现在我的匹配模式是一个字符串列表,比如match_list,我的预期输出是,它应匹配上面的子字符串,其中包含在match_list字符串中定义的所有字符串

Small list = ["world0","world1", "world2"]

我尝试了以下模式

(?=((\b(?:world0|world1|world2)\b[\w\s]*?){3}))

上面的一个工作正常,匹配的输出是正确的,我期待,

[0-20]  `world0 world1 world2`

[7-796] `world1 world2 world3 world4 world5 world6 world7 world8 world9 world10
world11 world12 world13 world14 world15 world16 world17 world18 world19 world20
world21 world22 world23 world24 world25 world26 world27 world28 world29 world30
world31 world32 world33 world34 world35 world36 world37 world38 world39 world40
world41 world42 world43 world44 world45 world46 world47 world48 world49 world50
world51 world52 world53 world54 world55 world56 world57 world58 world59 world60
world61 world62 world63 world64 world65 world66 world67 world68 world69 world70
world71 world72 world73 world74 world75 world76 world77 world78 world79 world80
world81 world82 world83 world84 world85 world86 world87 world88 world89 
world90 world91 world92 world93 world94 world95 world96 world97 world98 world99 world0`

 [14-803] `world2 world3 world4 world5 world6 world7 world8 world9 world10 world11
 world12 world13 world14 world15 world16 world17 world18 world19 world20 world21
 world22 world23 world24 world25 world26 world27 world28 world29 world30 world31
 world32 world33 world34 world35 world36 world37 world38 world39 world40 world41
 world42 world43 world44 world45 world46 world47 world48 world49 world50 world51
 world52 world53 world54 world55 world56 world57 world58 world59 world60 world61
 world62 world63 world64 world65 world66 world67 world68 world69 world70 world71
 world72 world73 world74 world75 world76 world77 world78 world79 world80 world81
 world82 world83 world84 world85 world86 world87 world88 world89 world90 world91
 world92 world93 world94 world95 world96 world97 world98 world99 world0 world1`

[790-810]   `world0 world1 world2`

但是对于大型名单= ['world0','world1','world2','world3','world4','world5','world6','world7','world8','world9',' world10','world11','world12','world13','world14','world15','world16','world17','world18','world19','world20','world21','world22' ,'world23','world24','world25','world26','world27','world28','world29','world30','world31','world32','world33','world34',' world35','world36','world37','world38','world39','world40','world41','world42','world43','world44','world45','world46','world47' ,'world48','world49']

尝试以下模式

(?=((\b(?:world0|world1|world2|world3|world4|world5|world6|world7|world8|world9|wor ld10|world11|world12|world13|world14|world15|world16|world17|world18|world19|world20|world21|world22|world23|world24|world25|world26|world27|world28|world29|world30|world31|world32|world33|world34|world35|world36|world37|world38|world39|world40|world40|world41|world42|world43|world44|world45|world46|world47|world48|world49|world50)\b[\w\s]*?){49}))

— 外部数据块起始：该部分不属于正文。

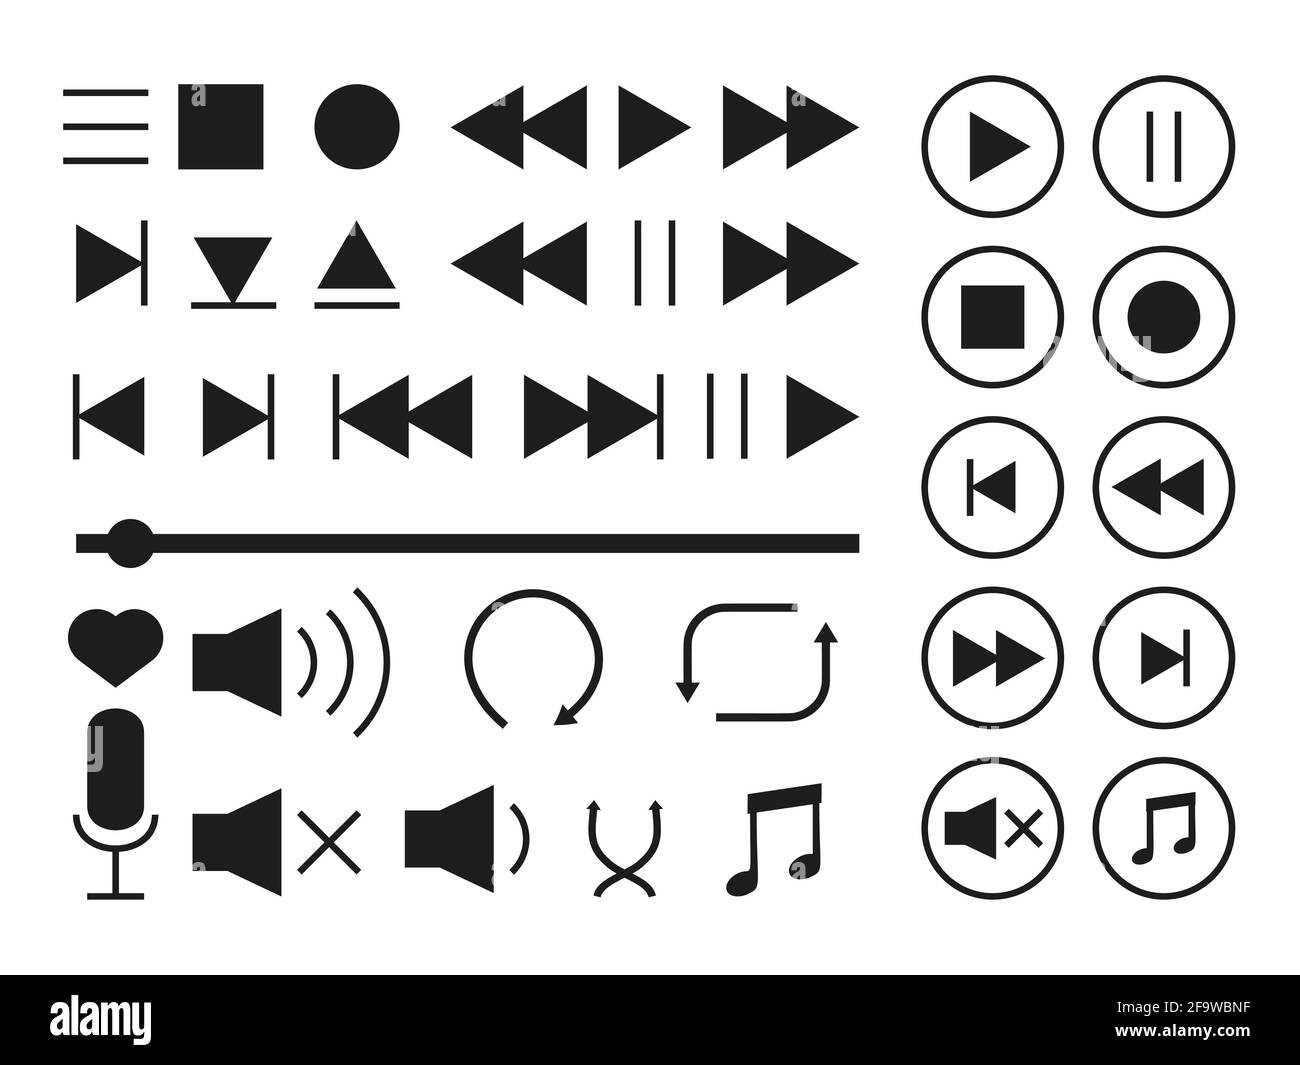 Iconos del reproductor multimedia configurados. Colección de señales  multimedia. Interfaz de música de símbolos de silueta negros. Diferentes  botones, como reproducir o pausar, detener, grabar, avanzar o retroceder.  Ilustración de vector aislado

这给我带来了灾难性的回溯错误。你能告诉别人做错了什么或最好的做法是什么?

2 个答案:

答案 0 :(得分:1)

首先,您的模式错误,因为它匹配world0 world0 world0

这个问题不能仅通过正则表达式来解决。如果我写一个模式(对于regex module),如:

word_list = ['world0', 'world1', 'world2']
p = regex.compile(r'''
    \m (\L<words>)
    \W++ (?>\w+\W+)*? (?!\g{-1})
    (\L<words>) 
    \W++ (*SKIP) (?>\w+\W+)*? (?!\g{-1}|\g{-2})
    (\L<words>) \M 
  ''', regex.VERBOSE, words=word_list)

for m in p.finditer(text, overlapped=True):
     print(m.group(0))

只搜索示例文本中的三个项目,我获得了一些复杂的东西(即使使用优化工作也没有效率),难以扩展到更多项目,并且可能会因更多文本或更多项目而崩溃。

另一种可能的方法是只搜索列表中的单词,并在找到所有单词后在生成器中创建文本摘录:

import regex
from collections import deque

data = '''He moved on as he spoke, and the Dormouse followed him: the March Hare moved into the Dormouse’s place, and Alice rather unwillingly took the place of the March Hare. The Hatter was the only one who got any advantage from the change: and Alice was a good deal worse off than before, as the March Hare had just upset the milk-jug into his plate.
Alice did not wish to offend the Dormouse again, so she began very cautiously: `But I don’t understand. Where did they draw the treacle from?’
`You can draw water out of a water-well,’ said the Hatter; `so I should think you could draw treacle out of a treacle-well–eh, stupid?’
`But they were IN the well,’ Alice said to the Dormouse, not choosing to notice this last remark.
`Of course they were’, said the Dormouse; `–well in.’
This answer so confused poor Alice, that she let the Dormouse go on for some time without interrupting it.
`They were learning to draw,’ the Dormouse went on, yawning and rubbing its eyes, for it was getting very sleepy; `and they drew all manner of things–everything that begins with an M–‘
`Why with an M?’ said Alice.
`Why not?’ said the March Hare.
Alice was silent.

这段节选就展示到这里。